# After 17 long days..



## SuziPatrick06 (Mar 12, 2010)

My oberon finally arrived..like I predicted..I had my skin & kindle before it arrived..now some pics of my Keegan Kindle


----------



## intinst (Dec 23, 2008)

Really like that cover and skin, makes a very nice Kombo!


----------



## Susan in VA (Apr 3, 2009)

That's a _great_ combination!

Now, are you going to buy a green Borsa Bella to match?


----------



## Carol Hanrahan (Mar 31, 2009)

Love that cover!  
Not into skins though - I think I'm the only one.


----------



## intinst (Dec 23, 2008)

Carol Hanrahan said:


> Love that cover!
> Not into skins though - I think I'm the only one.
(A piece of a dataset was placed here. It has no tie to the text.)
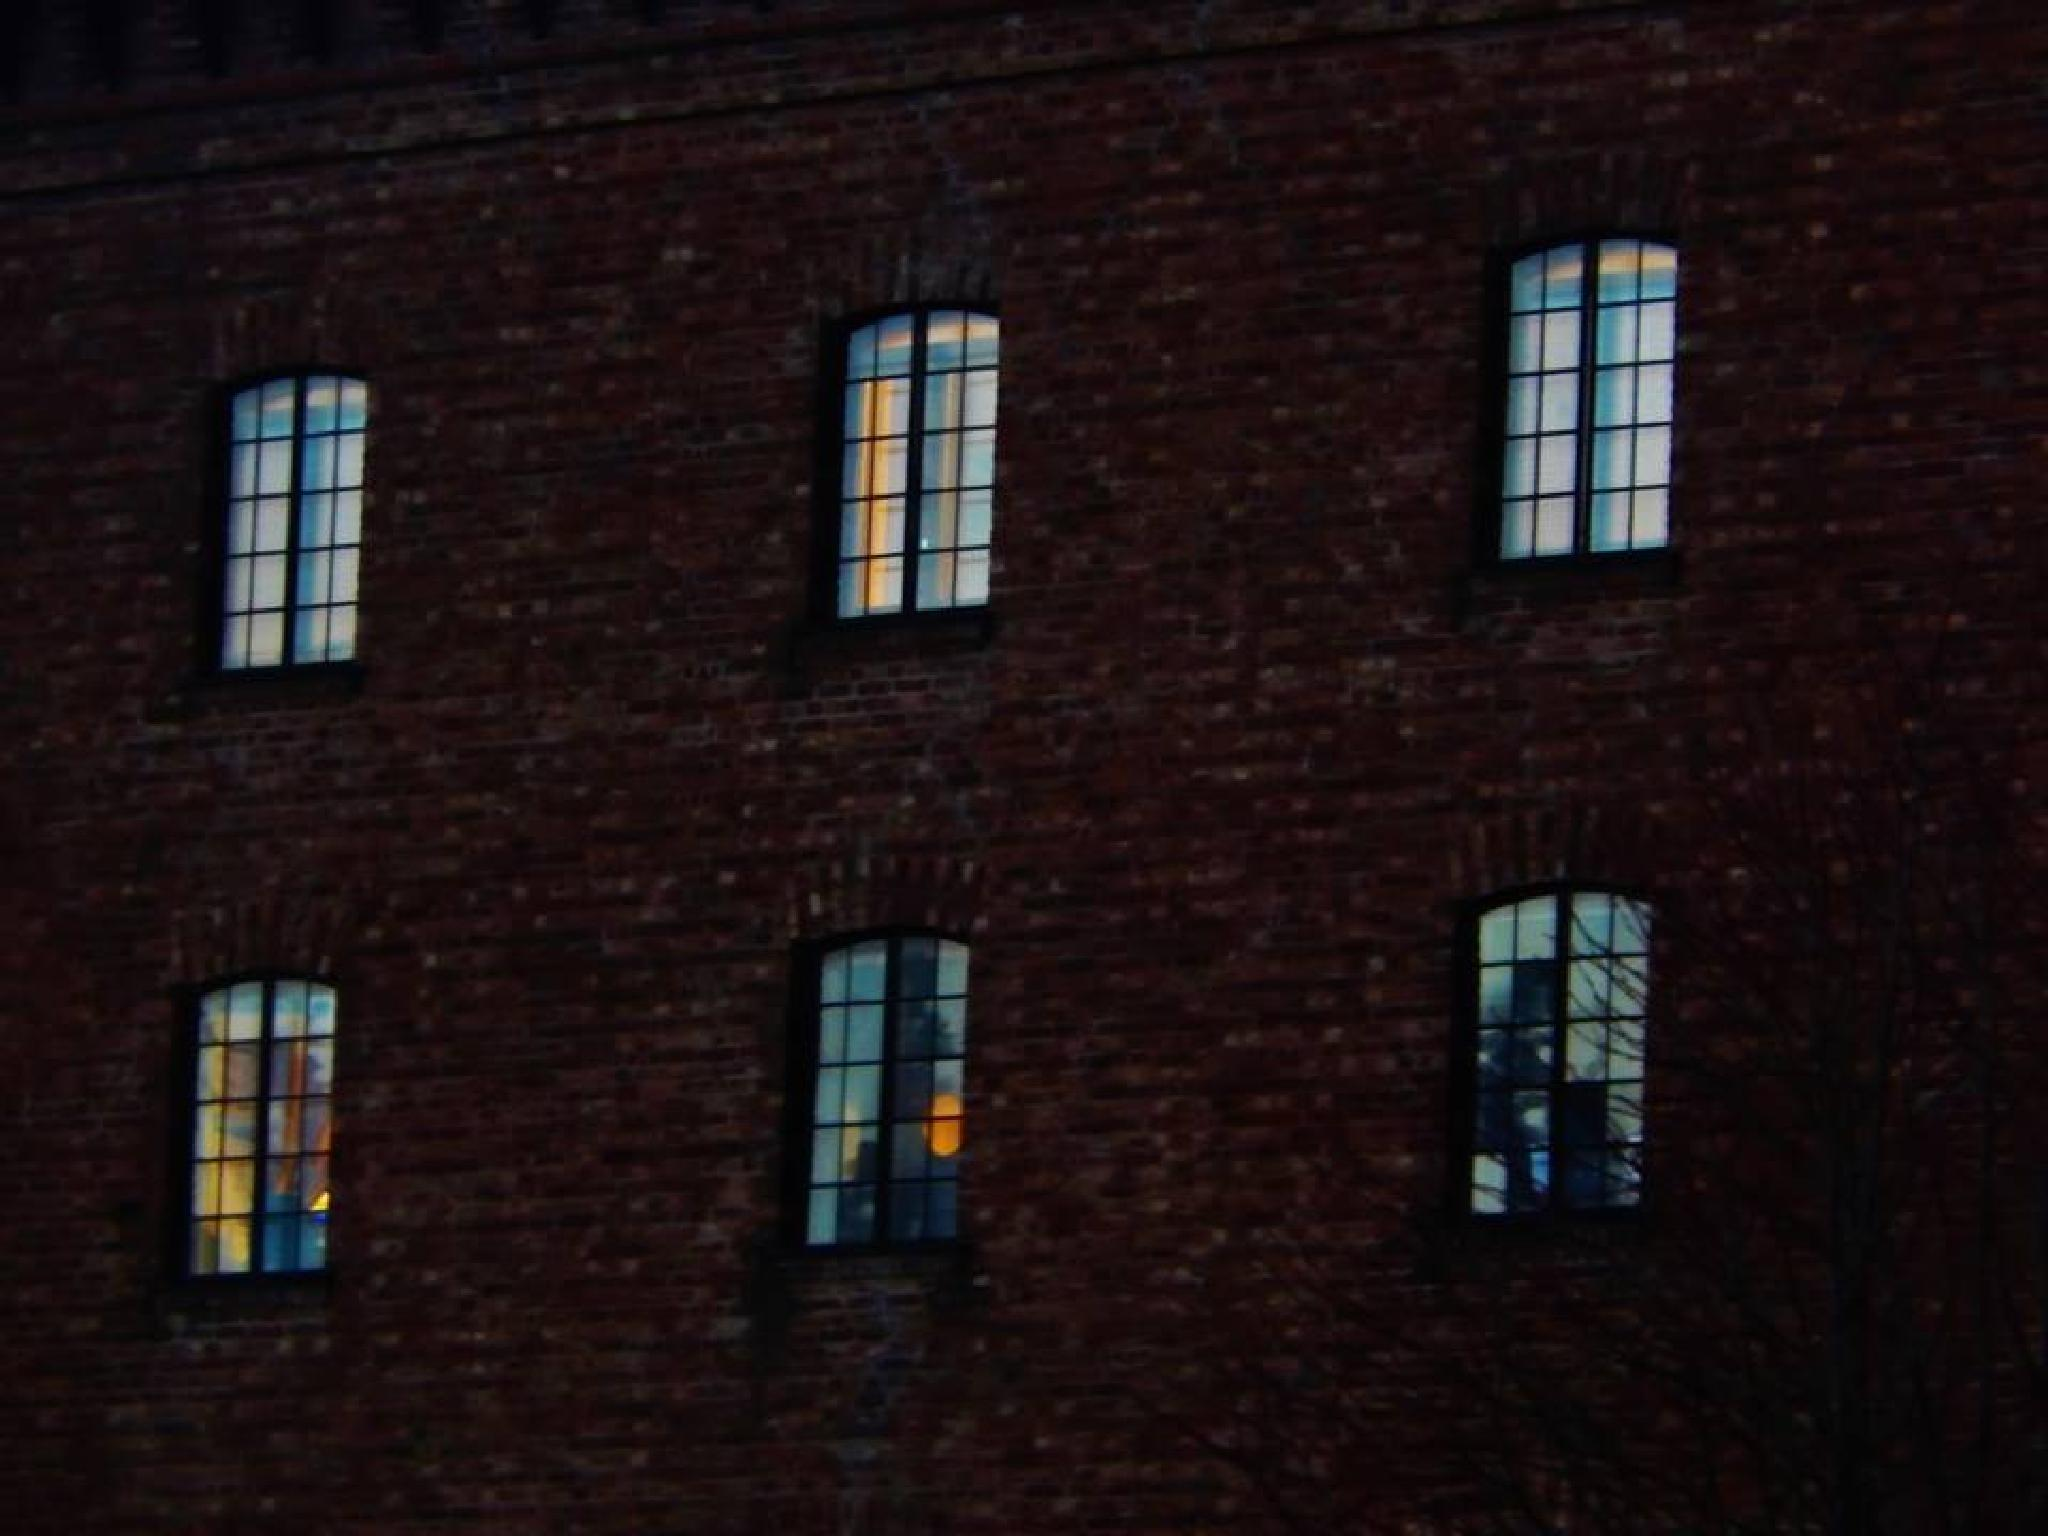 LIGHTNING  by dag.lindberg

Not the only, but one of the few.


----------



## CegAbq (Mar 17, 2009)

Oh  I really like that color scheme & the themes - nice job.


----------



## SuziPatrick06 (Mar 12, 2010)

I did think about a Borsa Bella bag but my DH bought me a really nice new purse that was big enought to hold my kindle..but maybe in the future..I'm addicted to bags.


----------



## drenee (Nov 11, 2008)

Very pretty.  Thank you for sharing.
deb


----------



## cheerio (May 16, 2009)

Nice colors


----------